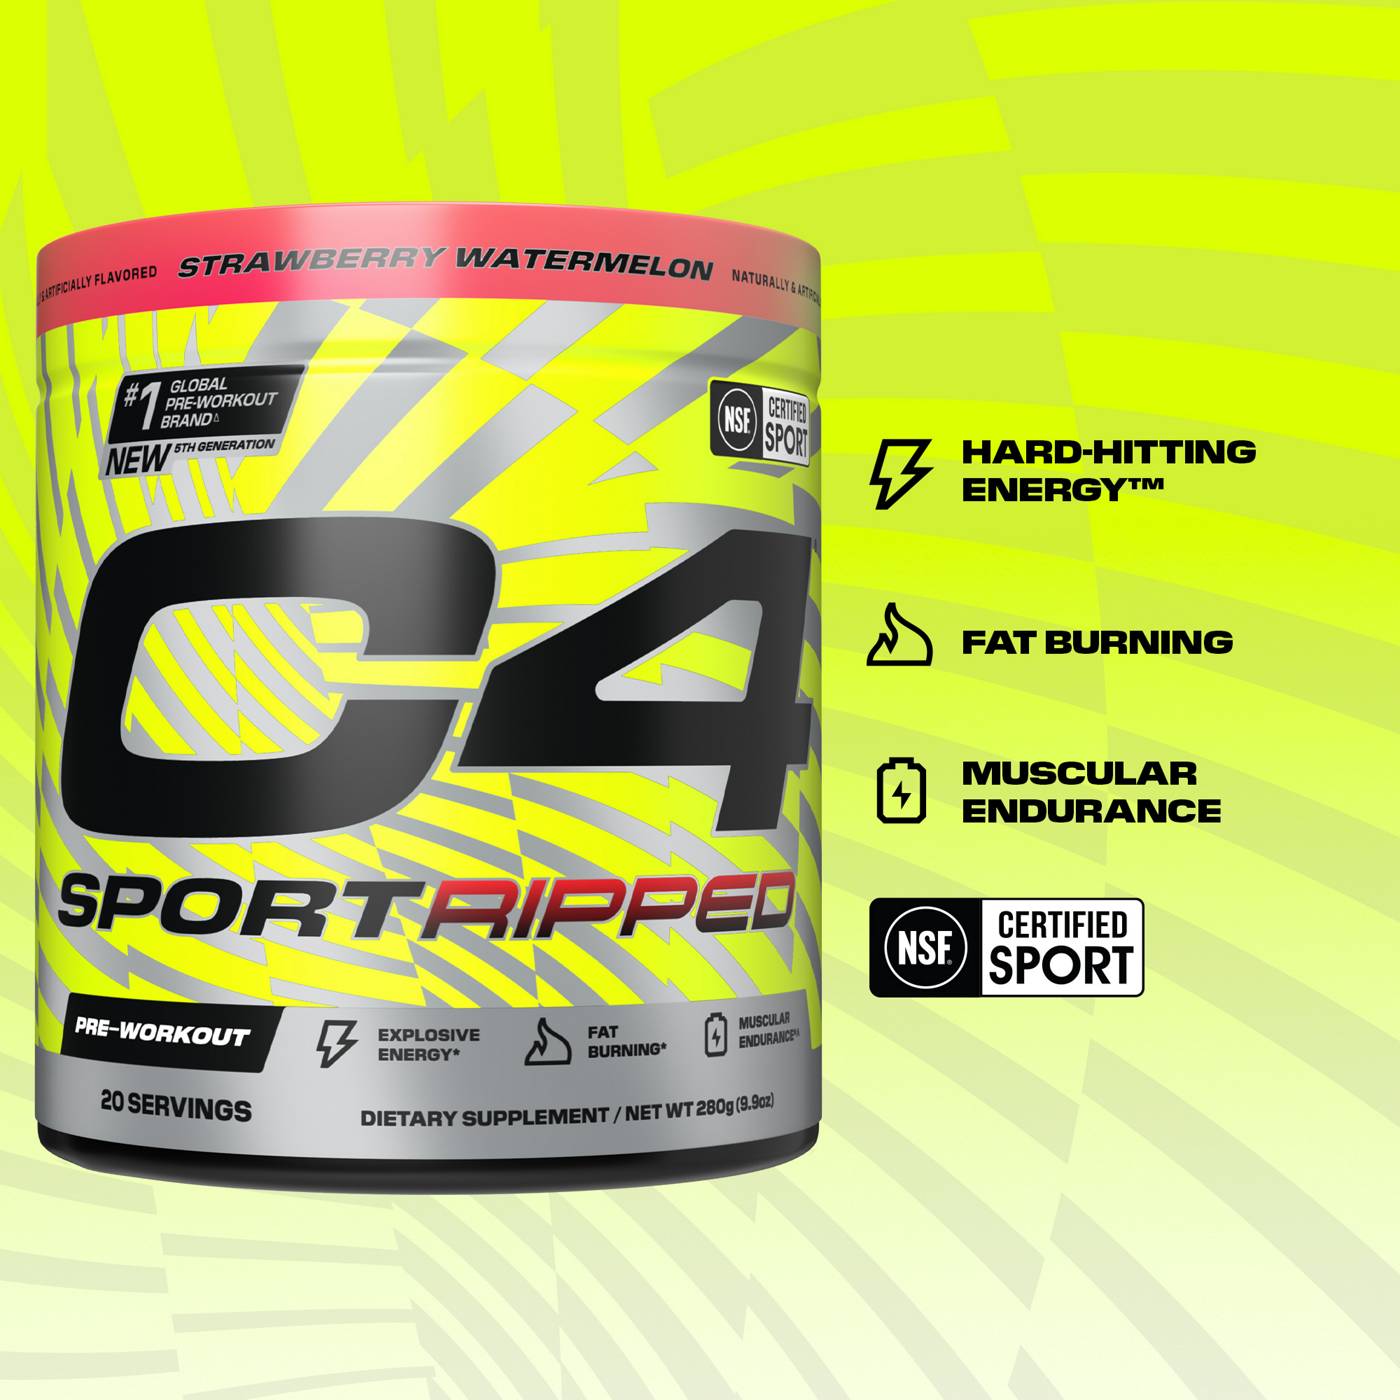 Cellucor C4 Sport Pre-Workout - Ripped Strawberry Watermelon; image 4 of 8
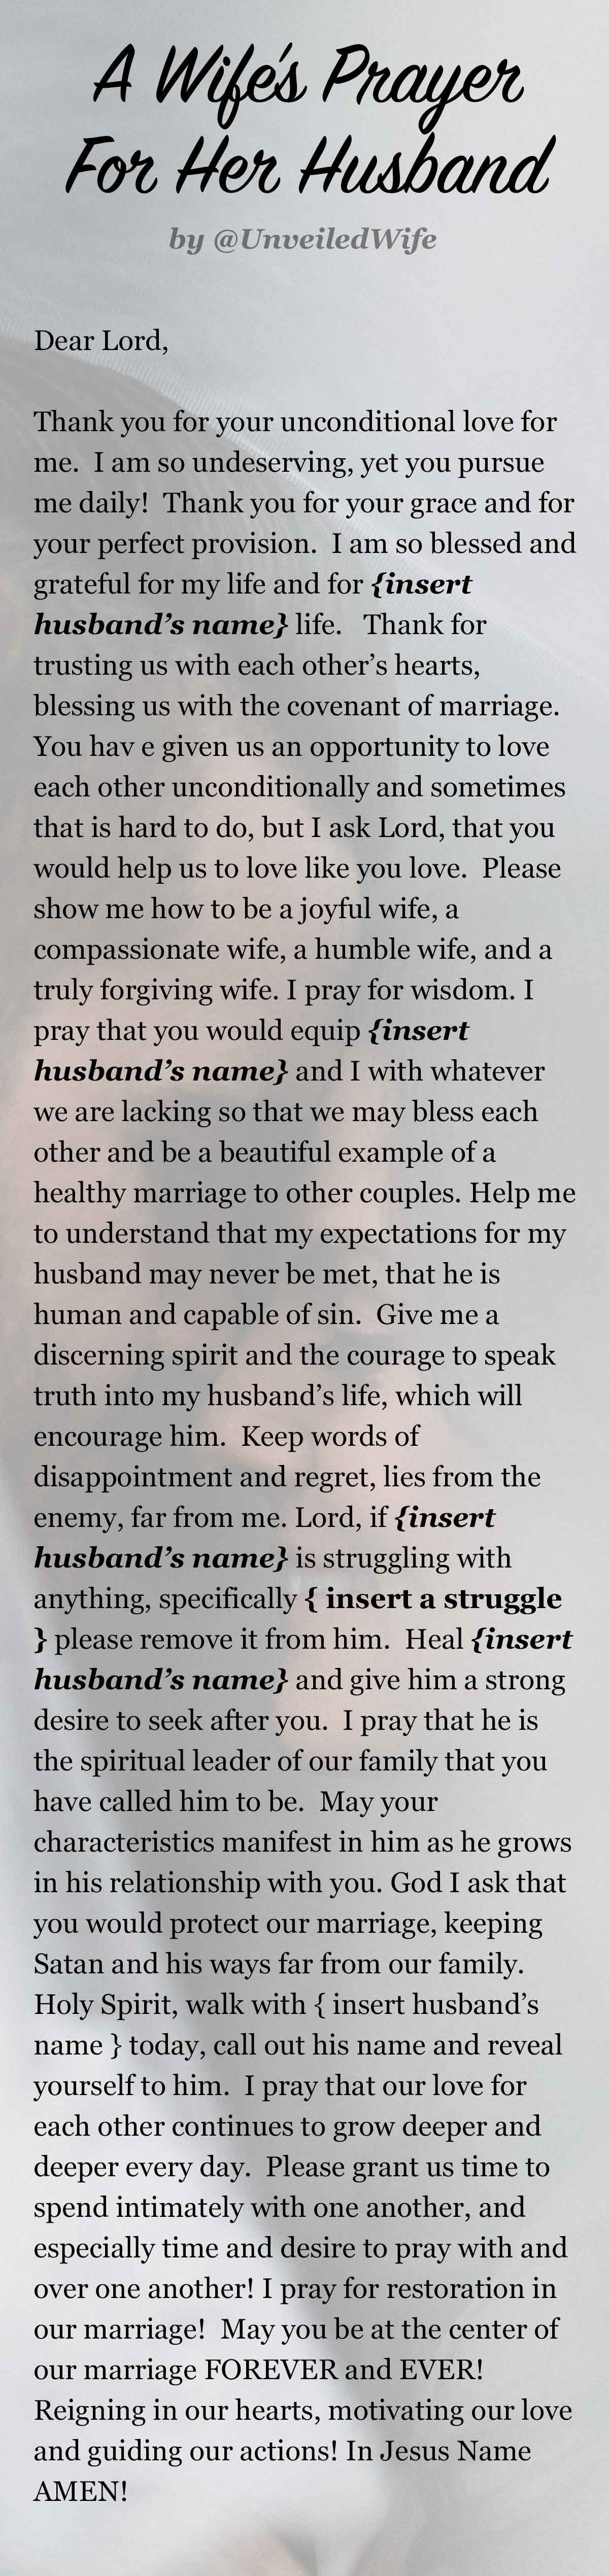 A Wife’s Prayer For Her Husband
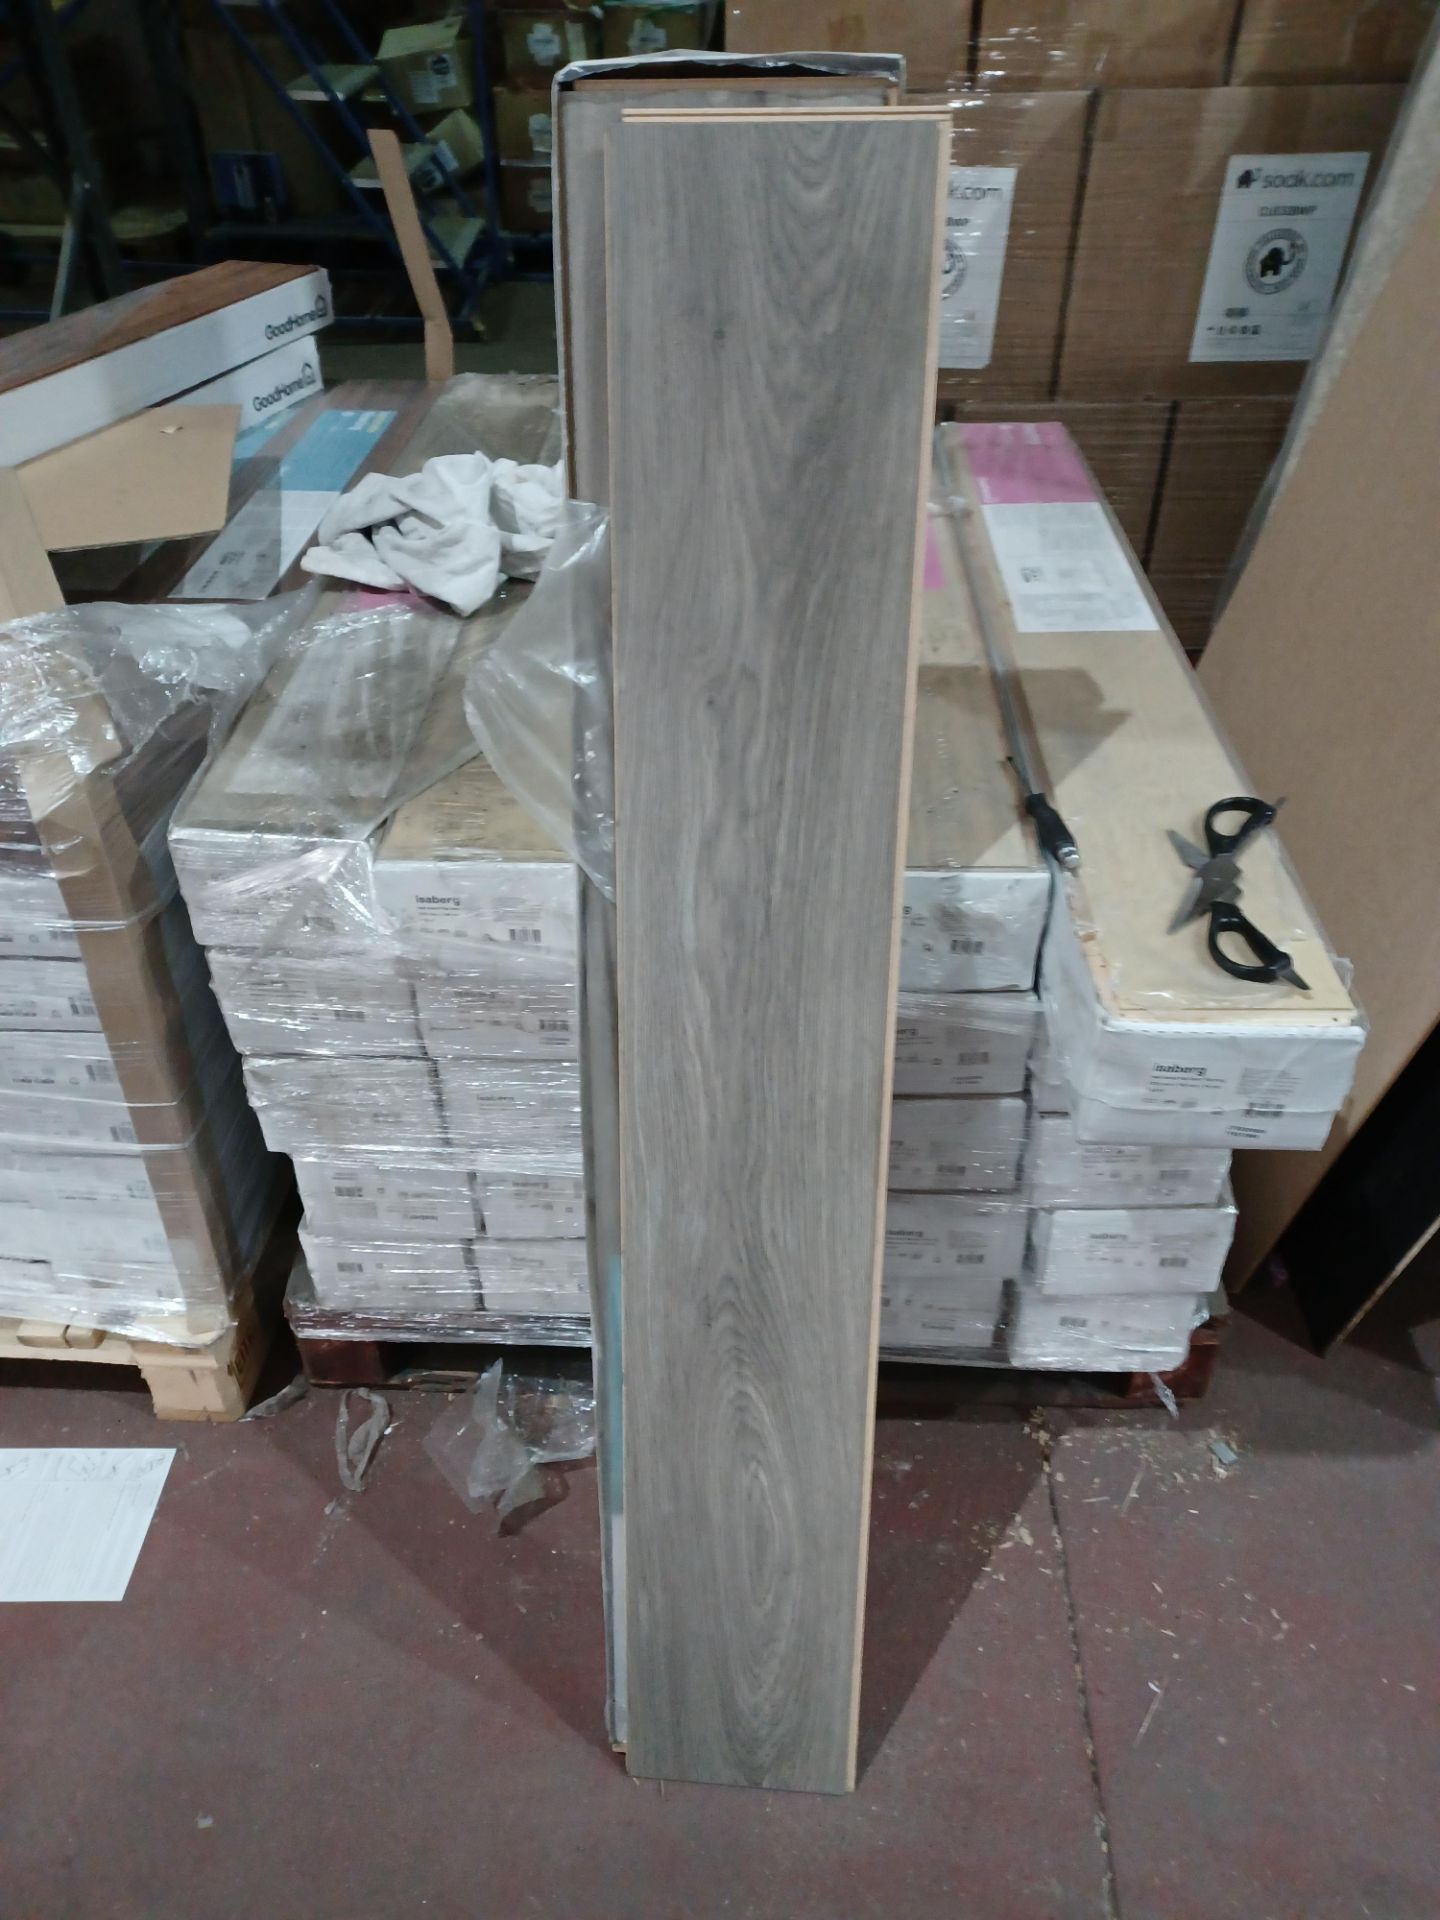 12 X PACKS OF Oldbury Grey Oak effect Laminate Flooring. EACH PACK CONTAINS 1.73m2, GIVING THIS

> _Task requirements_: Once the pictures are set aside, give the rest of the material again unchanged.

> _Answer to this task_:
 Cellucor C4 Sport Pre-Workout - Ripped Strawberry Watermelon; image 4 of 8
 A Wife’s Prayer For Her Husband
 12 X PACKS OF Oldbury Grey Oak effect Laminate Flooring. EACH PACK CONTAINS 1.73m2, GIVING THIS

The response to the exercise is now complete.